Targeting FOXM1 reshapes antitumor immunity to attenuate small cell lung cancer progression.

Small cell lung cancer (SCLC) is a lethal lung malignancy, which is associated with distant metastasis and chemoresistance. Due to the limited availability of targeted therapies, identifying a potential therapeutic target is a pressing unmet need in SCLC. Single-cell and bulk-transcriptomic datasets were analyzed that revealed FOXM1 as a potential targeting candidate in SCLC. High FOXM1 expression was observed in human and murine SCLC tissues and cell lines.

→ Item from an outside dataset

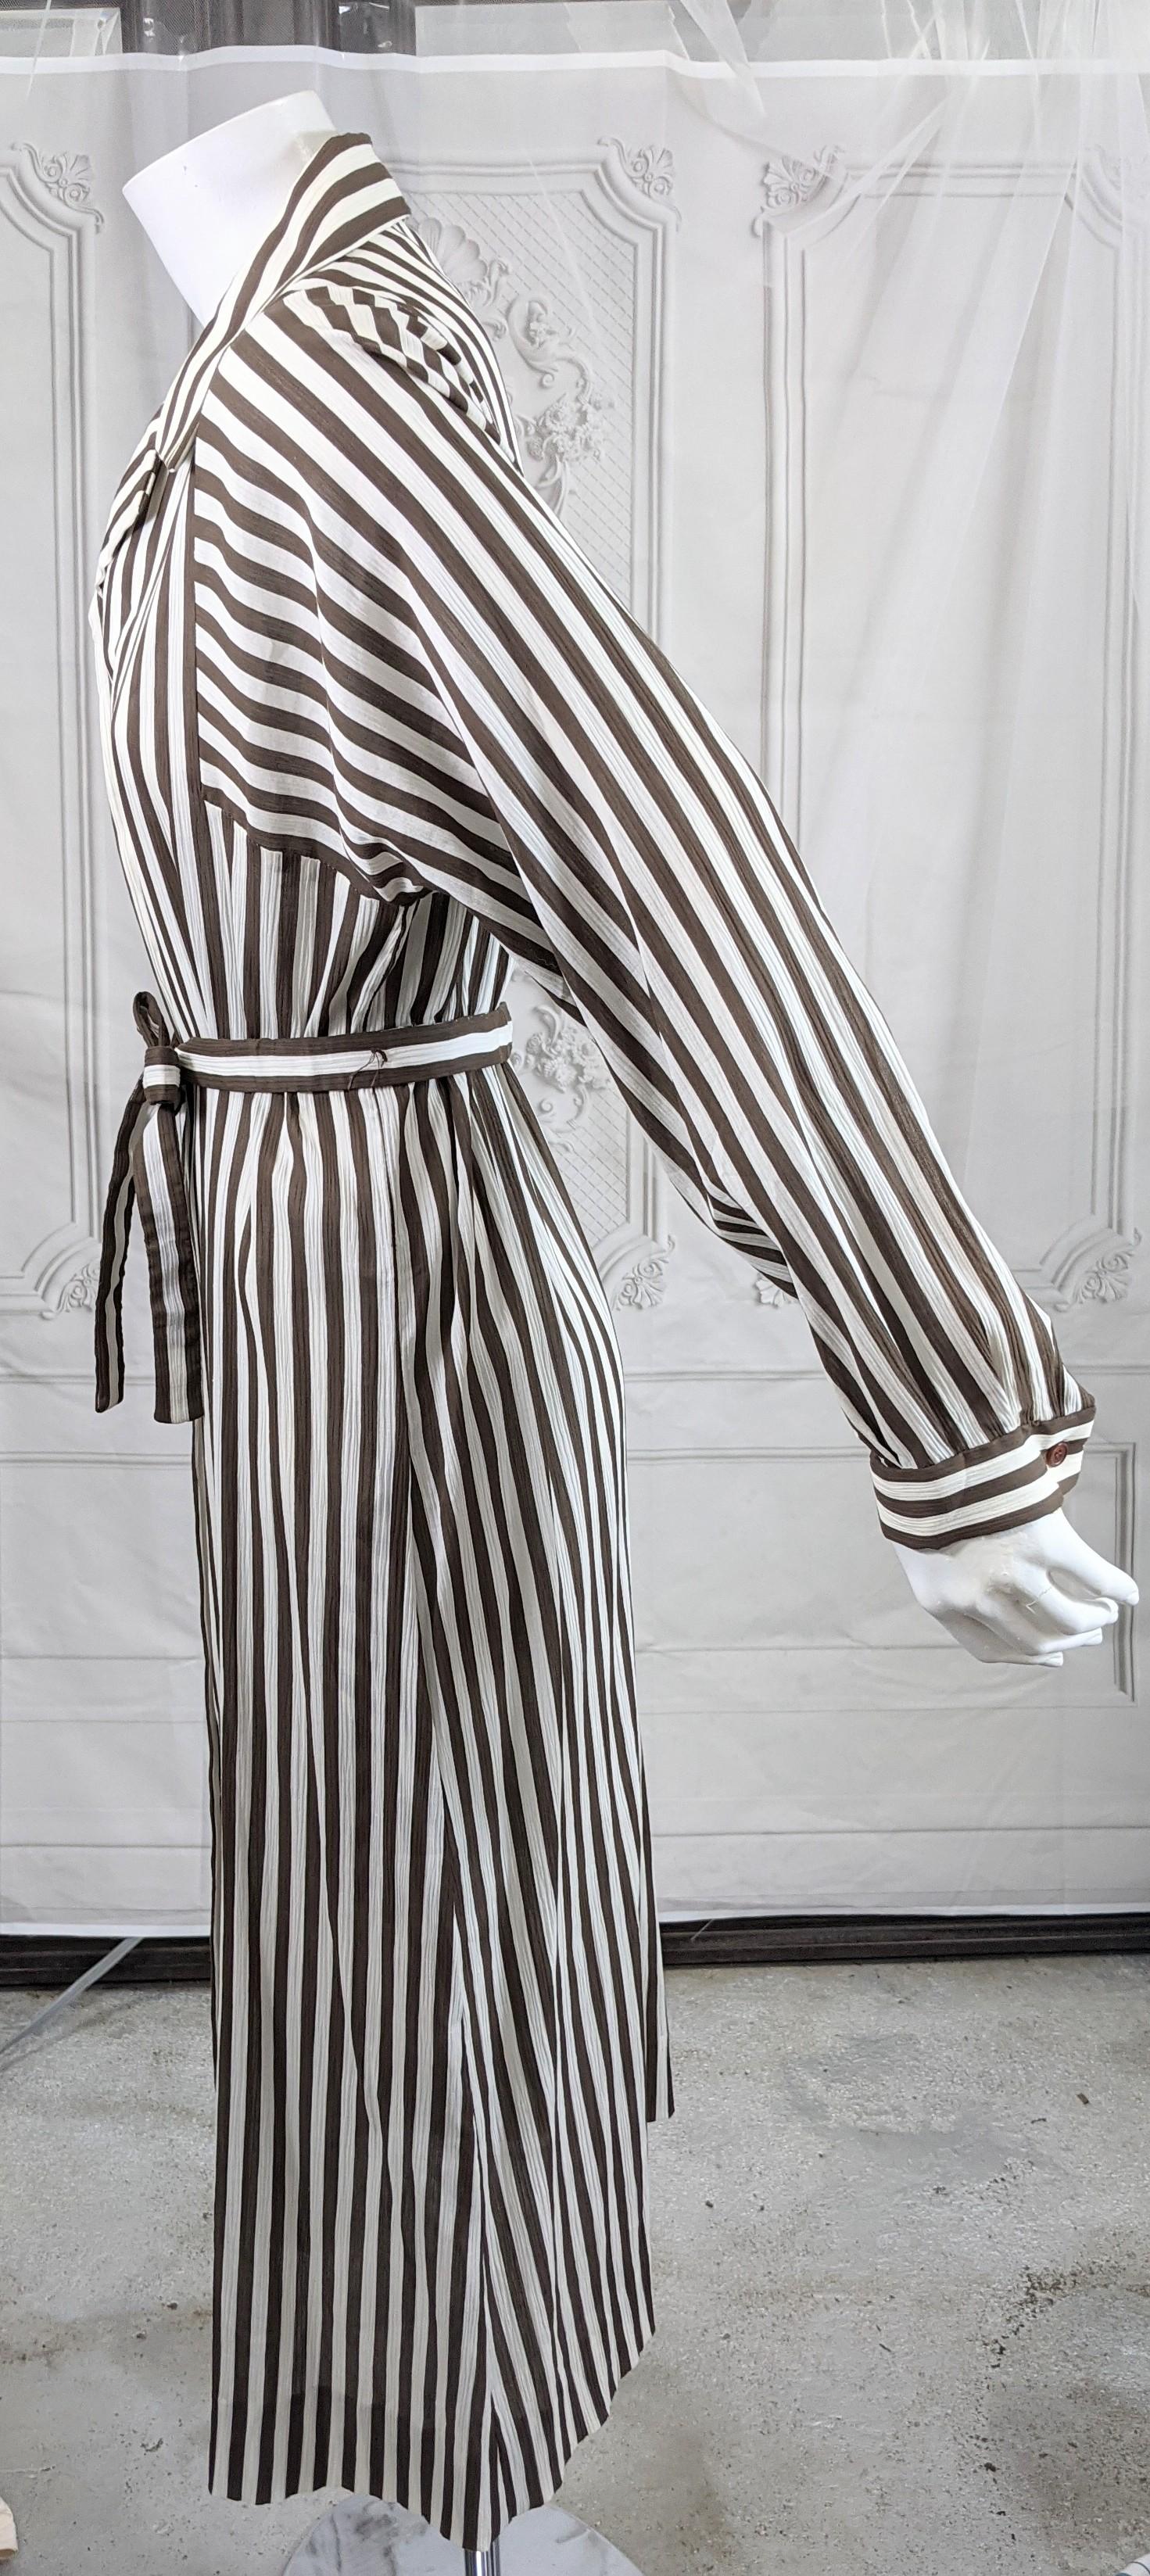 Elegant and timeless Halston Crinkle Chocolate Cotton Striped Day Dress in a shirtwaist style with self belt. Deep dolman sleeves have stripes running lengthwise.
Old stock with additional buttons. Lightweight cotton, with dyed mother of pearl

Interestingly, chemoresistant (CR) SCLC cells exhibited substantially higher FOXM1 expression compared to naïve SCLC. Furthermore, FOXM1 inhibition in combination with platinum-based chemotherapy showed synergistic anticancer effects in vitro and in vivo xenograft and spontaneous (RPM: RB1; TP53 ; LSL-MYCT58A) mouse models of SCLC. Mechanistically, RNA-seq analysis revealed that FOXM1 inhibition altered the Aurora Kinase B (AURKB) signaling pathway. Notably, FOXM1 inhibition enhanced T cell activation, supported differentiation of CD8 T cells, and T cell-mediated killing of SCLC cells. Additionally, FOXM1 inhibition enhanced CD8 T cell and macrophage recruitment in the tumor microenvironment (TME) of immunocompetent RPM model. This study demonstrates that FOXM1 targeting small molecule inhibitors (FOXM1i) has the potential to be a novel therapeutic strategy to combat SCLC progression, including chemotherapeutic resistance and reshaping the anti-tumor immune response.